Exercise description: Return verbatim every line from the first line of the data below to the line that contains "帕岸島 PADI 五星潛水中心進階開放水域潛水員課程", inclusive, and no further.

[Stored records]

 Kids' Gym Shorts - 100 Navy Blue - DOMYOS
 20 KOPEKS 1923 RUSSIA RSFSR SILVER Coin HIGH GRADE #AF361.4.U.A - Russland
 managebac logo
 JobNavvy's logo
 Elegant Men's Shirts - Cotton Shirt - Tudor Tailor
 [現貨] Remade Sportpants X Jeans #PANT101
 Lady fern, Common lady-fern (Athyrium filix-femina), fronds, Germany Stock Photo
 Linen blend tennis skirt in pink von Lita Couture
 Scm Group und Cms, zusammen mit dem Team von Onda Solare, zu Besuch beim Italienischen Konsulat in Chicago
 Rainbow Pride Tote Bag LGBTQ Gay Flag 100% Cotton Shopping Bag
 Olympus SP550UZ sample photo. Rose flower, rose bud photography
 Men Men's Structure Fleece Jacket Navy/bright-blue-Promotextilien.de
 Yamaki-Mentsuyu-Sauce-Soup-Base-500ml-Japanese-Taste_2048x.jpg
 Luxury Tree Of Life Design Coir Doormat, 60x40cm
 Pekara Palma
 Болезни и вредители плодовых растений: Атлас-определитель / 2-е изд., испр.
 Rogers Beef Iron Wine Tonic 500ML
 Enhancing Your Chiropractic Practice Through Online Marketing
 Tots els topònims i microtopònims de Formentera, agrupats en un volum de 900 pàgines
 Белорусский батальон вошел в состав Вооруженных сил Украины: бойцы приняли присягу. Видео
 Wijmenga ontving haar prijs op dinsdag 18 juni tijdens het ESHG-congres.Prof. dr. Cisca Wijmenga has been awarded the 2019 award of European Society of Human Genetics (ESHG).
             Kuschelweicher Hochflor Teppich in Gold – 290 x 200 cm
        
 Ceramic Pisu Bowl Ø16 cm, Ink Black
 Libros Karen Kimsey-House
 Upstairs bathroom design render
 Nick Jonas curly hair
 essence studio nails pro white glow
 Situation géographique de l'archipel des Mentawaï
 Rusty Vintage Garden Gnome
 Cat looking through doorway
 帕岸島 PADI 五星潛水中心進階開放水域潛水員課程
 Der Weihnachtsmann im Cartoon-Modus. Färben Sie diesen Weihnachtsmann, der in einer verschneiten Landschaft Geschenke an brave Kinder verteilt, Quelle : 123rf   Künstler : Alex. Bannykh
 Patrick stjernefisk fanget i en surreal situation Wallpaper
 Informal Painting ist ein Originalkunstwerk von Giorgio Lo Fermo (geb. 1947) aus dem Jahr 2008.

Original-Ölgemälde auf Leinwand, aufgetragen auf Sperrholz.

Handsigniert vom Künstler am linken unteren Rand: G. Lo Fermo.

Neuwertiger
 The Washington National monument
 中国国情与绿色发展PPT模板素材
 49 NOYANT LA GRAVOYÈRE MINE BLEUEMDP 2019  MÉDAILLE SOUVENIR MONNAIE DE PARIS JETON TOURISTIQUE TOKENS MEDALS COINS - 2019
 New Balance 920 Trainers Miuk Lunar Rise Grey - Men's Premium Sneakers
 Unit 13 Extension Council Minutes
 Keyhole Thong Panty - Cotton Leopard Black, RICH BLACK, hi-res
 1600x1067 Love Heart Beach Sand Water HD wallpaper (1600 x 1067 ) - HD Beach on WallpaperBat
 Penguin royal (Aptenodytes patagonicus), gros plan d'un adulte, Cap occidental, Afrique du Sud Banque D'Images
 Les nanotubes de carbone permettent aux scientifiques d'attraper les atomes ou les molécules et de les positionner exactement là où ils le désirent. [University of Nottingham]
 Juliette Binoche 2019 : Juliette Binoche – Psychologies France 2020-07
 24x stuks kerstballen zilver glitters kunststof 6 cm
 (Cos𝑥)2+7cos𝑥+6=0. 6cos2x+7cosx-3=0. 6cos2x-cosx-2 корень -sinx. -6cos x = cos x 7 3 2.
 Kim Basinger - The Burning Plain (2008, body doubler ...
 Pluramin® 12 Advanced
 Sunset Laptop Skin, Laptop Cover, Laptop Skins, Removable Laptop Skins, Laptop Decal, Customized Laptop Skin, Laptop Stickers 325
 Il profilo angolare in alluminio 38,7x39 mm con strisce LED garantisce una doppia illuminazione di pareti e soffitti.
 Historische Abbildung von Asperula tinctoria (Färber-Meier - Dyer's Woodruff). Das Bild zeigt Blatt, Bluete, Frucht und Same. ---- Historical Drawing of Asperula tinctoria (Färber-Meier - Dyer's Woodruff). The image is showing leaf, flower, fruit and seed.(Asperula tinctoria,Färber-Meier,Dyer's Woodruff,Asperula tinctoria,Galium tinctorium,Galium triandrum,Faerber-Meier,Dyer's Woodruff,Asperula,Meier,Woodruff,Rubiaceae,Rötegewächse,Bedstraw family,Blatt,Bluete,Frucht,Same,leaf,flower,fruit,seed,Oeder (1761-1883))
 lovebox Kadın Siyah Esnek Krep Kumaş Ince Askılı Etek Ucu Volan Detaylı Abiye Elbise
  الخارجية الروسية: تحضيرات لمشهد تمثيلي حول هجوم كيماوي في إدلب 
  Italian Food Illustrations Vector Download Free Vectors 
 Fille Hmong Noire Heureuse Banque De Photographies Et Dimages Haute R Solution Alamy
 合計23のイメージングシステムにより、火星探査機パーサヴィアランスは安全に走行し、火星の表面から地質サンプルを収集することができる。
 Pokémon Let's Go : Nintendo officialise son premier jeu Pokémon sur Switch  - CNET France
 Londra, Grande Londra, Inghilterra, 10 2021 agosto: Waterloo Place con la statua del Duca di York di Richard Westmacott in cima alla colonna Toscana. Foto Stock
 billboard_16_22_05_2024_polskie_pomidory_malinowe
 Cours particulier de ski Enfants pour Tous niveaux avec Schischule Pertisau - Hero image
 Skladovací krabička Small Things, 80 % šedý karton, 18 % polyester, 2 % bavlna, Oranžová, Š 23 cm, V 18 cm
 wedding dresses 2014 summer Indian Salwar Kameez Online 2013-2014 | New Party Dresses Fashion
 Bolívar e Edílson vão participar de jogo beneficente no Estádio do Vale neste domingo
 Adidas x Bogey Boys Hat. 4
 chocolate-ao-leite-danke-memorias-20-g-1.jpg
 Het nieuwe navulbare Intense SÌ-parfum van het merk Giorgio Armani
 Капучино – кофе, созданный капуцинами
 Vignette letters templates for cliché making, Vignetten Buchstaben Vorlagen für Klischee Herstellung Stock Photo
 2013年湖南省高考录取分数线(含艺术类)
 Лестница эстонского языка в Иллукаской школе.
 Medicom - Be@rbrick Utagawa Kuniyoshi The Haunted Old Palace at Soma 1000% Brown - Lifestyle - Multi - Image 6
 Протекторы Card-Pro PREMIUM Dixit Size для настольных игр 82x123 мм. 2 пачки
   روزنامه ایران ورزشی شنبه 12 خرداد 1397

Output below:
 Kids' Gym Shorts - 100 Navy Blue - DOMYOS
 20 KOPEKS 1923 RUSSIA RSFSR SILVER Coin HIGH GRADE #AF361.4.U.A - Russland
 managebac logo
 JobNavvy's logo
 Elegant Men's Shirts - Cotton Shirt - Tudor Tailor
 [現貨] Remade Sportpants X Jeans #PANT101
 Lady fern, Common lady-fern (Athyrium filix-femina), fronds, Germany Stock Photo
 Linen blend tennis skirt in pink von Lita Couture
 Scm Group und Cms, zusammen mit dem Team von Onda Solare, zu Besuch beim Italienischen Konsulat in Chicago
 Rainbow Pride Tote Bag LGBTQ Gay Flag 100% Cotton Shopping Bag
 Olympus SP550UZ sample photo. Rose flower, rose bud photography
 Men Men's Structure Fleece Jacket Navy/bright-blue-Promotextilien.de
 Yamaki-Mentsuyu-Sauce-Soup-Base-500ml-Japanese-Taste_2048x.jpg
 Luxury Tree Of Life Design Coir Doormat, 60x40cm
 Pekara Palma
 Болезни и вредители плодовых растений: Атлас-определитель / 2-е изд., испр.
 Rogers Beef Iron Wine Tonic 500ML
 Enhancing Your Chiropractic Practice Through Online Marketing
 Tots els topònims i microtopònims de Formentera, agrupats en un volum de 900 pàgines
 Белорусский батальон вошел в состав Вооруженных сил Украины: бойцы приняли присягу. Видео
 Wijmenga ontving haar prijs op dinsdag 18 juni tijdens het ESHG-congres.Prof. dr. Cisca Wijmenga has been awarded the 2019 award of European Society of Human Genetics (ESHG).
             Kuschelweicher Hochflor Teppich in Gold – 290 x 200 cm
        
 Ceramic Pisu Bowl Ø16 cm, Ink Black
 Libros Karen Kimsey-House
 Upstairs bathroom design render
 Nick Jonas curly hair
 essence studio nails pro white glow
 Situation géographique de l'archipel des Mentawaï
 Rusty Vintage Garden Gnome
 Cat looking through doorway
 帕岸島 PADI 五星潛水中心進階開放水域潛水員課程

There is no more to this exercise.